# First Attempt at Chip Carving



## cowboyup3371 (Nov 10, 2017)

First, thank you to those who recommended I pick up other forms of woodworking while I wait for my leg to heal. I received the okay to start gradually weight bearing again on 21 Jun and of course I ran back to the shop to start making a clock for my Aunt and Uncle's 50th wedding anniversary. Part of that project will obviously be the mount for the clock face which I decided will incorporate some chip carving. It's not perfect, is a very basic piece, and I need to sand off the marks I made to ensure I didn't cut those sections. But with all of that, I don't think this turned out too bad. I know I have a lot more practice to come but that will happen over future projects as I won't have time to get to perfection before the end of July.

I would welcome and beg for any constructive criticism anyone is willing to provide.


----------



## ClaudeF (Sep 22, 2013)

Pretty good for a first attempt. Look at the upper right corner and the lower right corner. 
The bottom of the "hole" has part of the wood of the chip remaining in it. Careful cutting with a really sharp knife should be able to clean up the bottom of those two holes… then check all the others for clean bottoms.


----------



## HokieKen (Apr 14, 2015)

Looks pretty nice Cowboy! Glad you are getting some shop time  I'm not a chip carver, more of a whittler, so I can't offer much in the way of criticism. The only thing I see is that some of the stop lines aren't as sharp as is typically seen in professional chip carvings. But we aren't pros are we?  I wouldn't hesitate to gift it to a family member if I could do it that well. And it's very likely that the resolution on this site makes it look worse than it actually is. Kudos on a great first chip carving!


----------



## AlaskaGuy (Jan 29, 2012)

Great first attempt! I couldn't do it.

On a side note. How do we know that photo isn't sideways?..................


----------



## Dark_Lightning (Nov 20, 2009)

> Great first attempt! I couldn t do it.
> 
> On a side note. How do we know that photo isn t sideways?..................
> 
> ...


----------



## RickBarber (May 26, 2019)

I still have the first chip carving that I did. It was a very basic piece.

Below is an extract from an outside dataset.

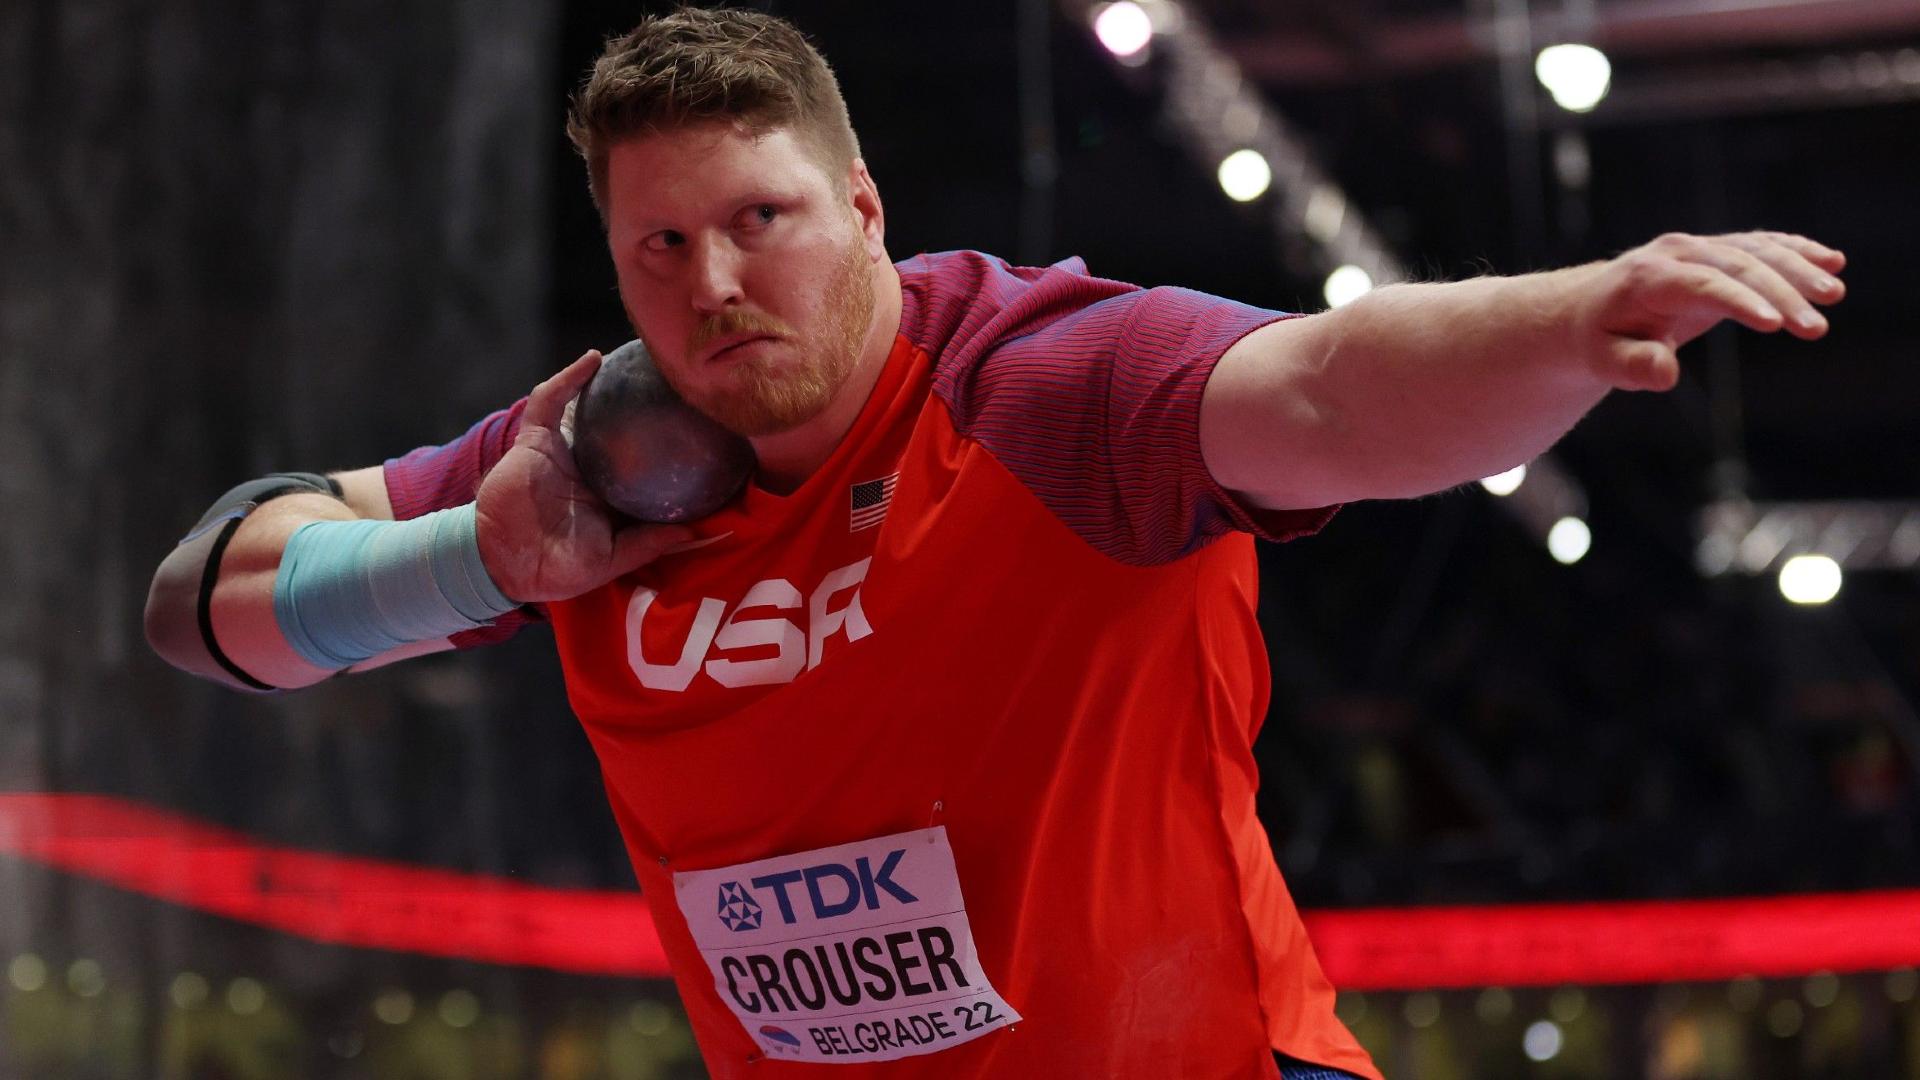 Two time Olympic Champion Ryan Crouser will be competing in the Milrose Games 2023

If you find a starting class I would recommend it highly. I found one a Woodcraft years ago and the main thing I learned was how to sharpen a knife, My first attempts were bad and I actually put the knifes away until I took the class.

When you lay out the lines use a pencil or carbon paper. Then erase the lines rather then sand it. It will be more crisp and it is OK to re cut a chip to get them to match. I have actually glued a chip back in when I cut it wrong and re cut it.

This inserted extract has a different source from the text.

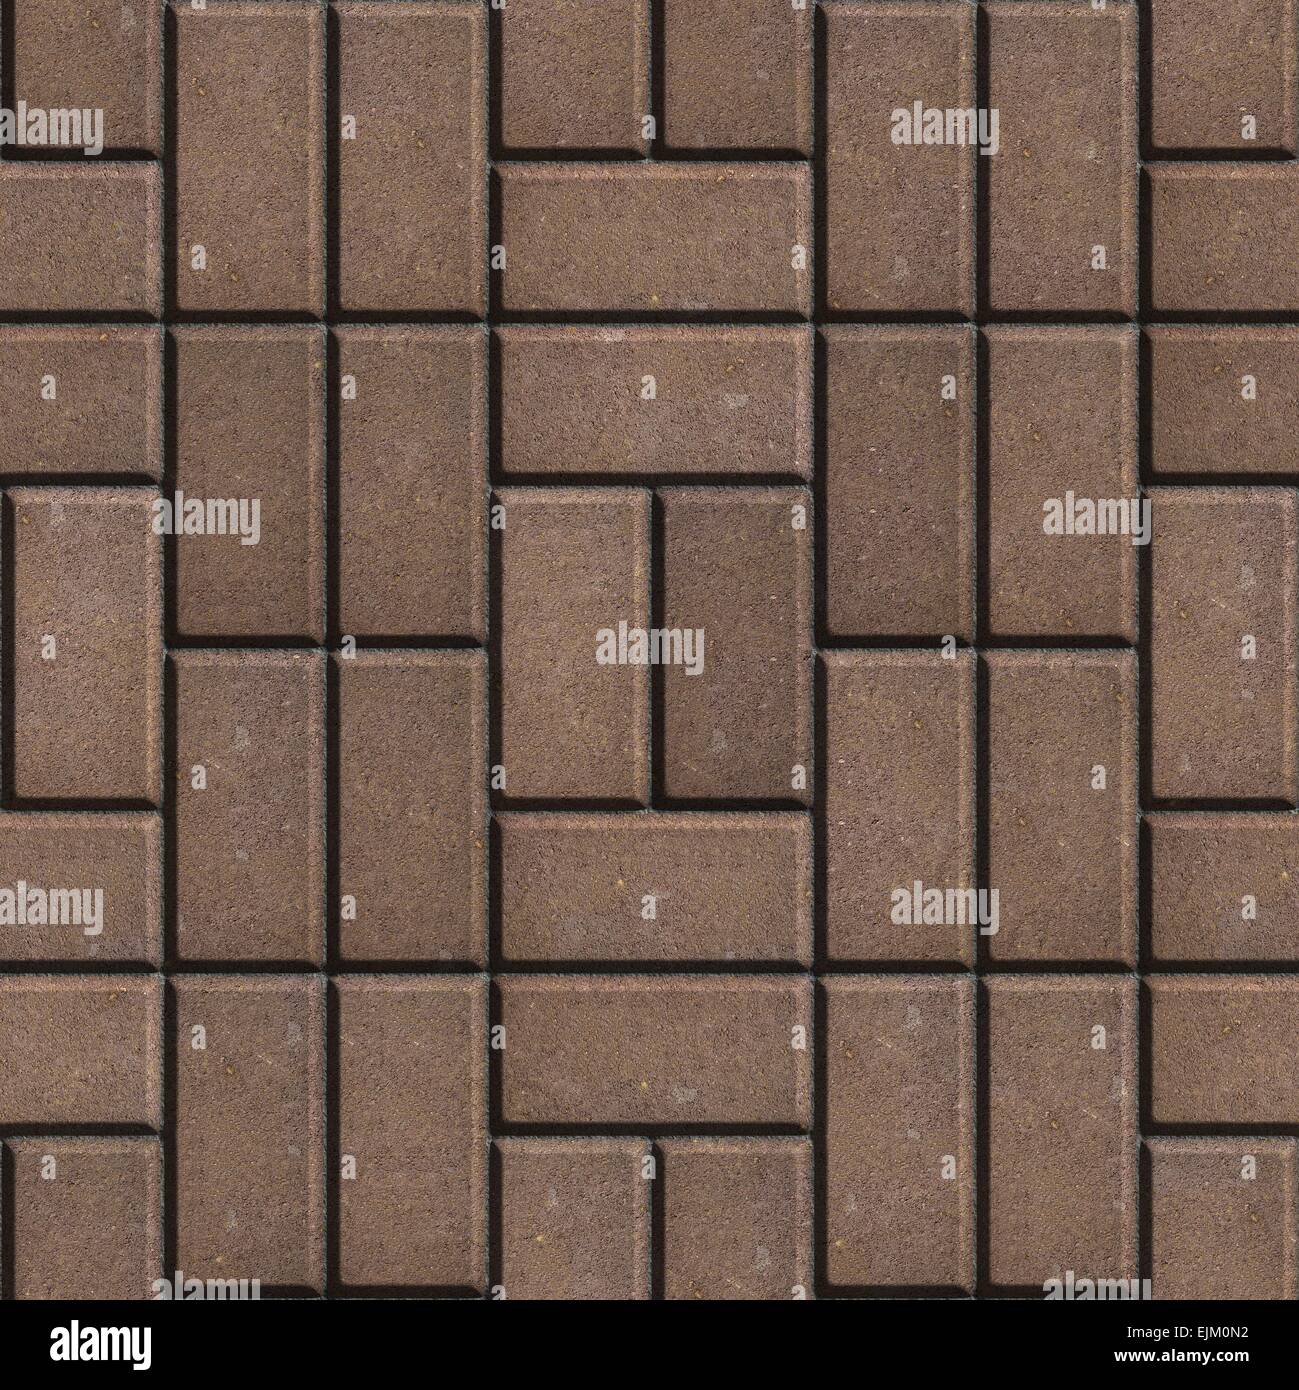 Brown Pave Slabs Rectangles Laid out in a Chaotic Manner. Stock Photo

Your work looks quite good so far.


----------



## SlimYoung123 (Dec 7, 2021)

I just got into chip carving recently. Your work is way ahead of my skill so far but a person has to start somewhere. 
Looking forward to seeing more chip carving threads in this site as I joined here.


----------



## SlimYoung123 (Dec 7, 2021)

I just got into chip carving recently. Your work is way ahead of my skill so far but a person has to start somewhere. 
Looking forward to seeing more chip carving threads in this site as I joined here. Sorry for the double post.I am not sure how to delete one of them .


----------



## SlimYoung123 (Dec 7, 2021)

I just now noticed the crisscross lines in your patten between the triangles . I have the same patten on one of my practice boards and was having a heck of a time trying to carve them between the triangles . Are they actually carved on yours or are they just the applied patten . If they are just the patten , will you be sanding them off or leaving them as is. Personally ,I like the looks of them being there either way .


----------



## cowboyup3371 (Nov 10, 2017)

> I just now noticed the crisscross lines in your patten between the triangles . I have the same patten on one of my practice boards and was having a heck of a time trying to carve them between the triangles . Are they actually carved on yours or are they just the applied patten . If they are just the patten , will you be sanding them off or leaving them as is. Personally ,I like the looks of them being there either way .
> 
> - SlimYoung123


That was to mark where I didn't want to cut and was since sanded away/erased. The final project was done in July of that year to be this:


----------



## cowboyup3371 (Nov 10, 2017)

I also did another clock for my other Uncle using that pattern later that year


----------



## SlimYoung123 (Dec 7, 2021)

That clock turned out very nice and now I know why I was struggling with cutting the center part just because it was on the practice board pattern I was using. I had not realized that part was to be erased.


----------